-- Source material follows --
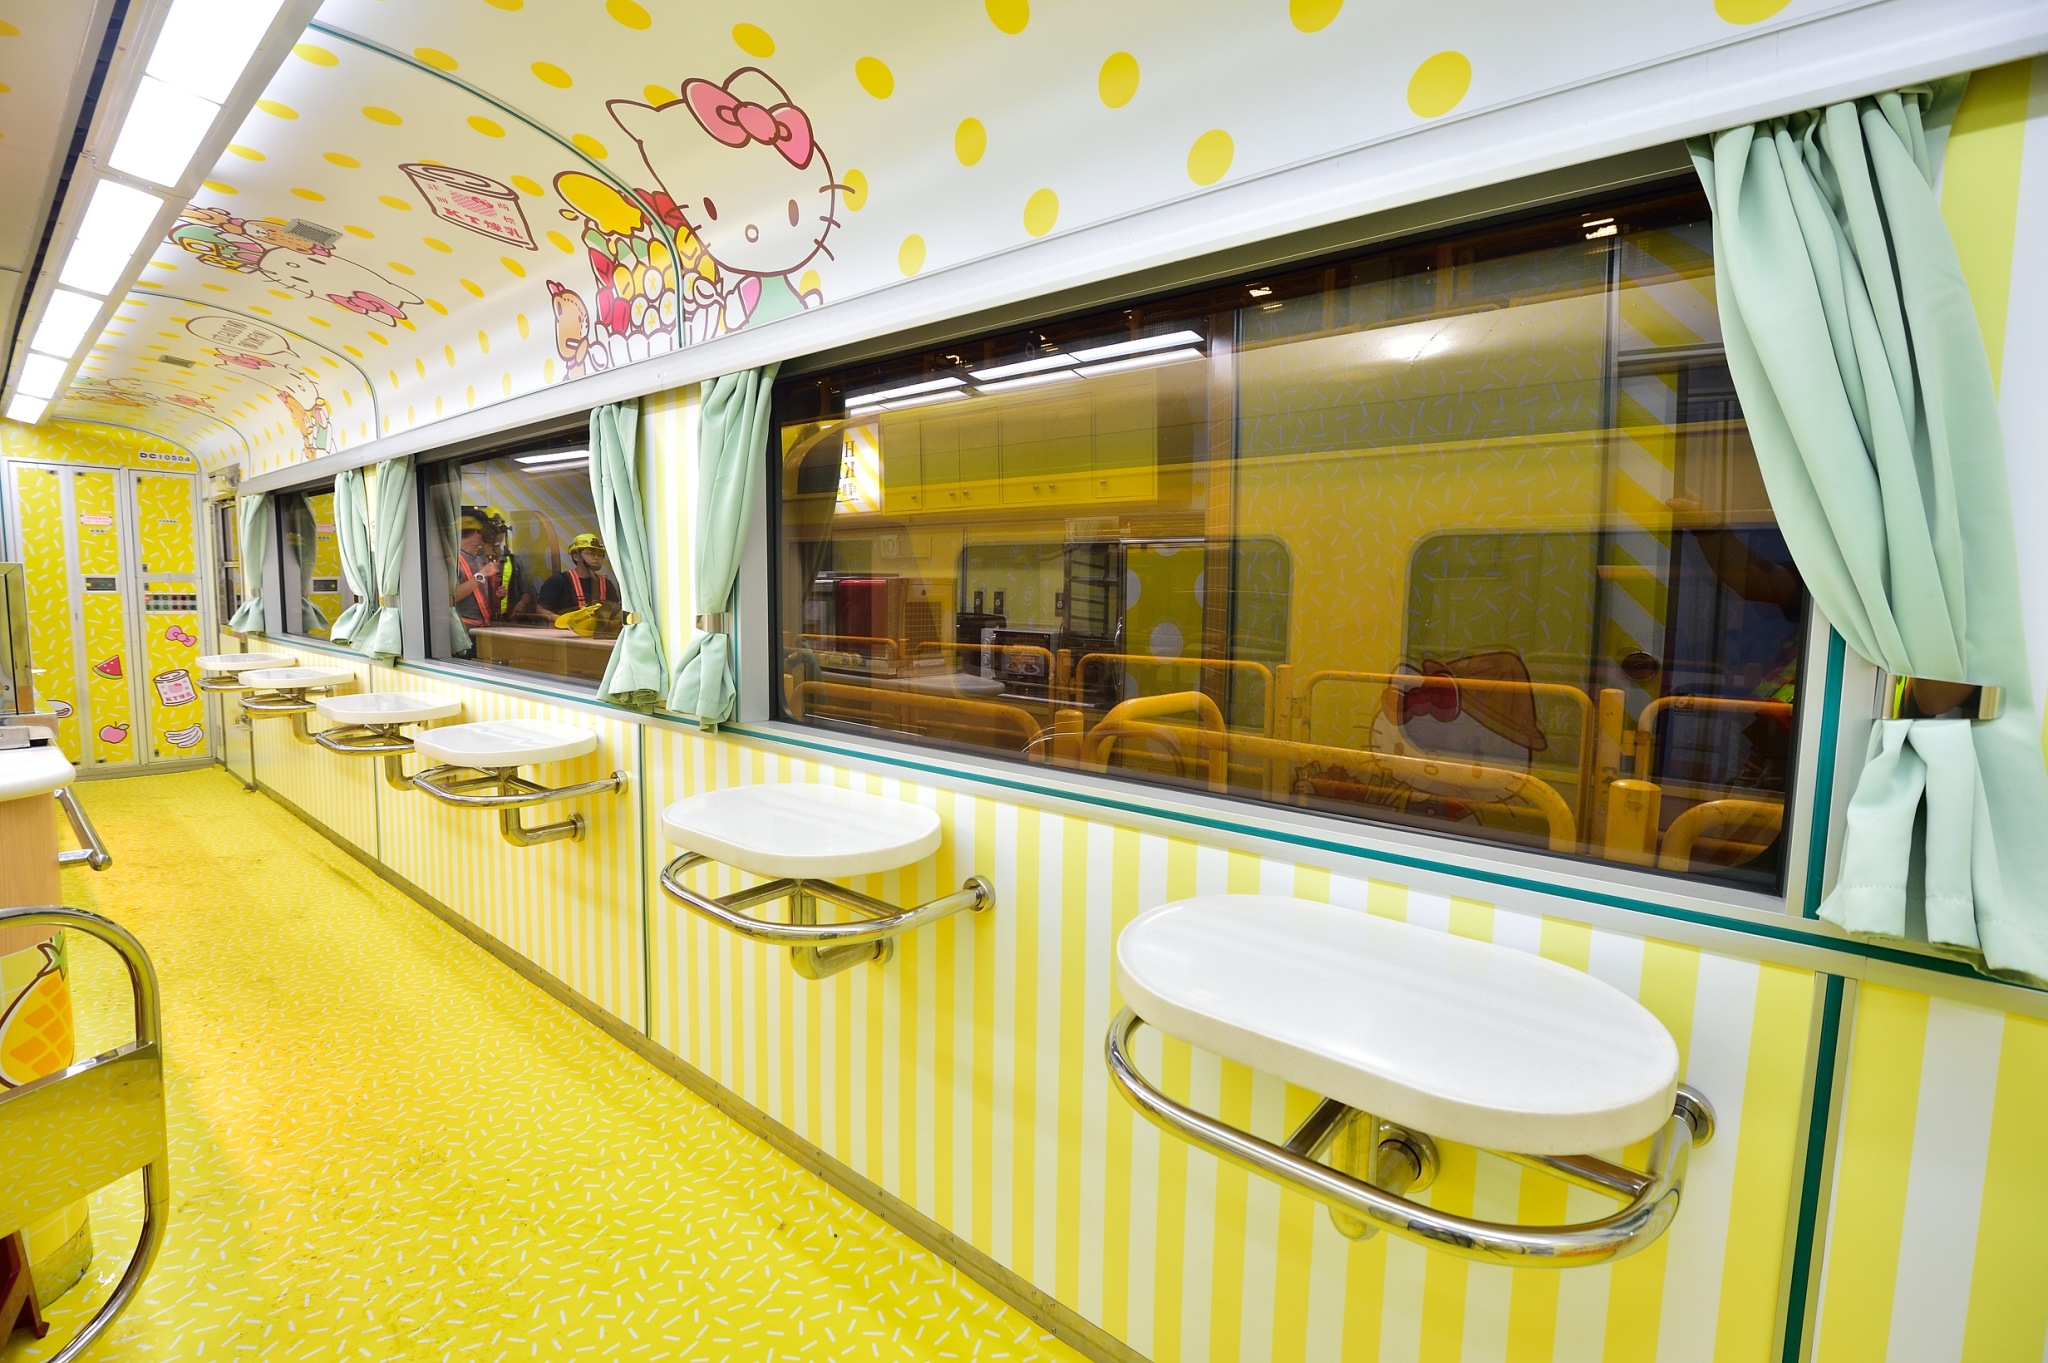 【7月全新啟航】環島之星Hello Kitty繽紛列車  超多打卡位！
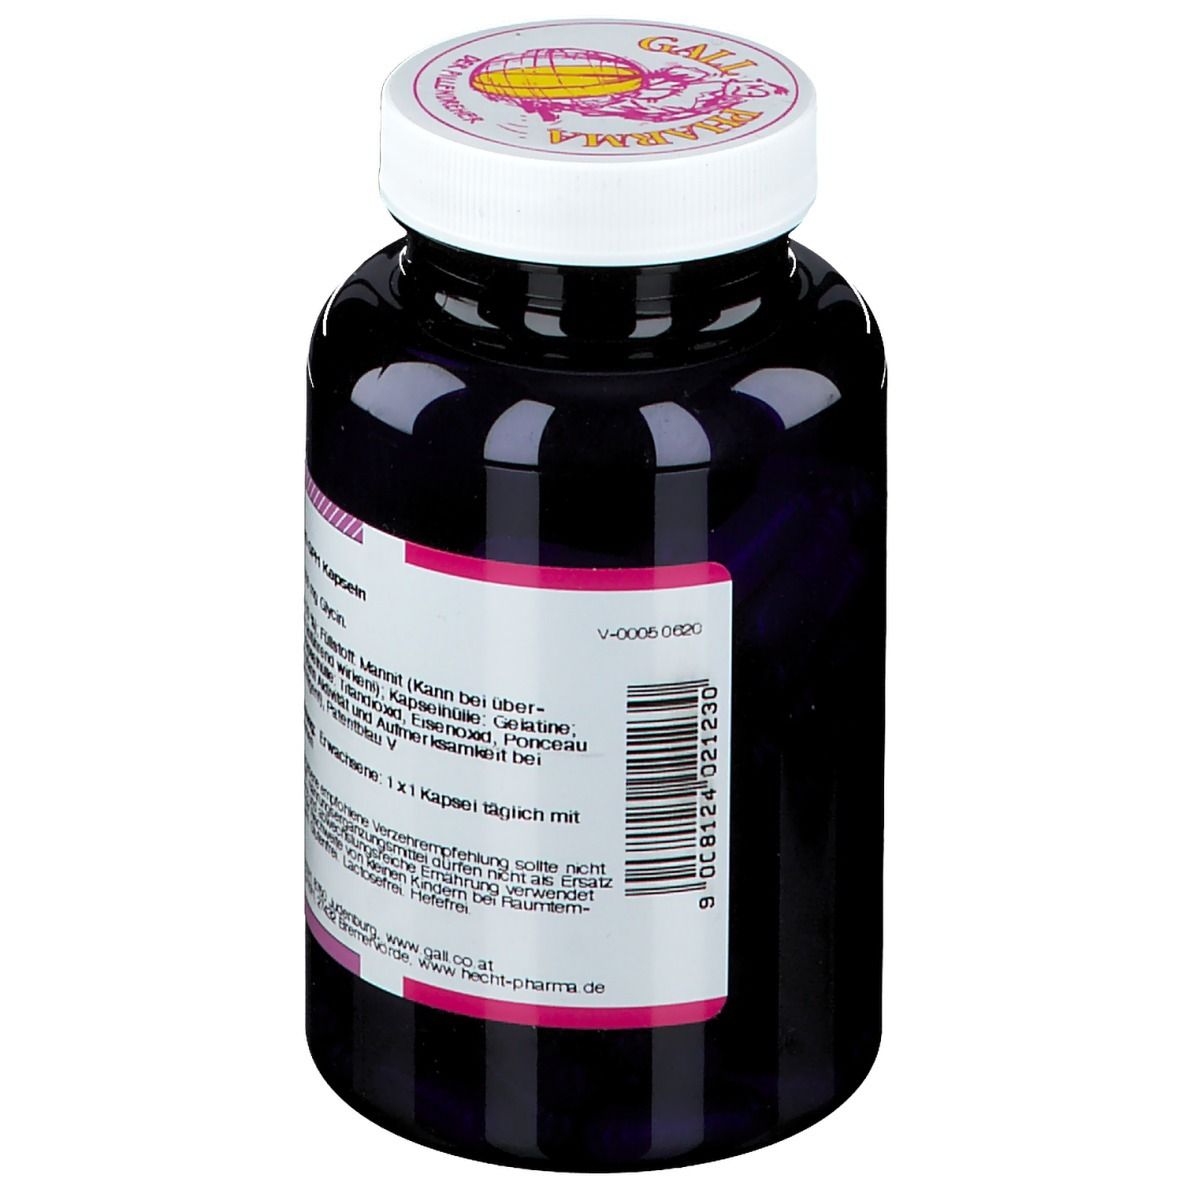 GALL PHARMA Glycin 500 mg GPH
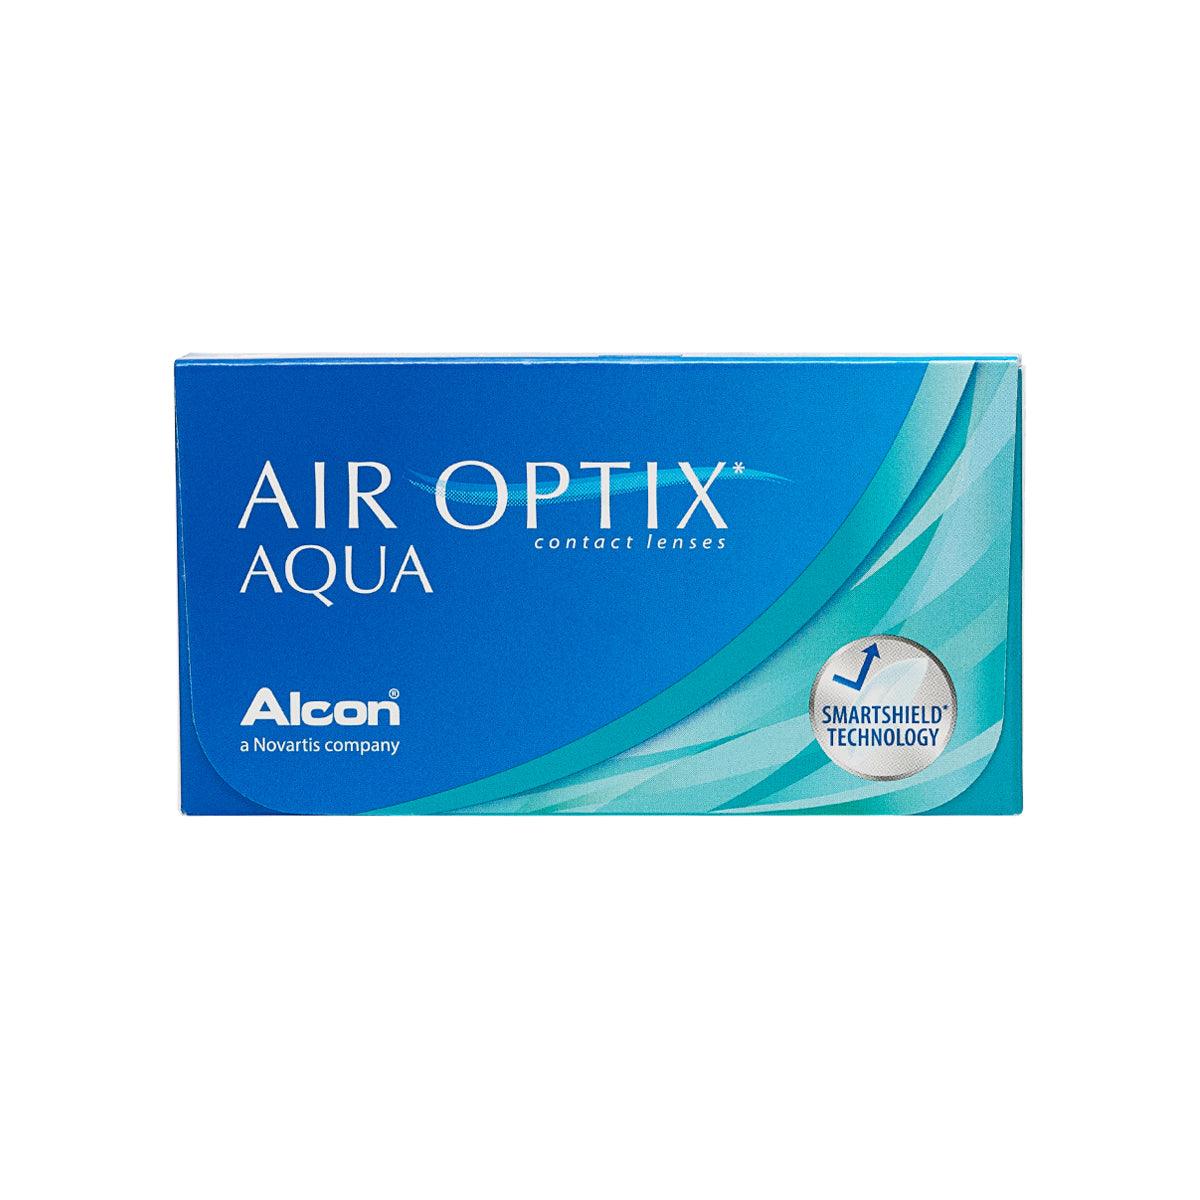 Air Optix Aqua - TA-TO.com
-- Source material concluded --
Exercise
From the listing, extract all text exactly as given and drop any picture.

Answer area
 【7月全新啟航】環島之星Hello Kitty繽紛列車  超多打卡位！
 GALL PHARMA Glycin 500 mg GPH
 Air Optix Aqua - TA-TO.com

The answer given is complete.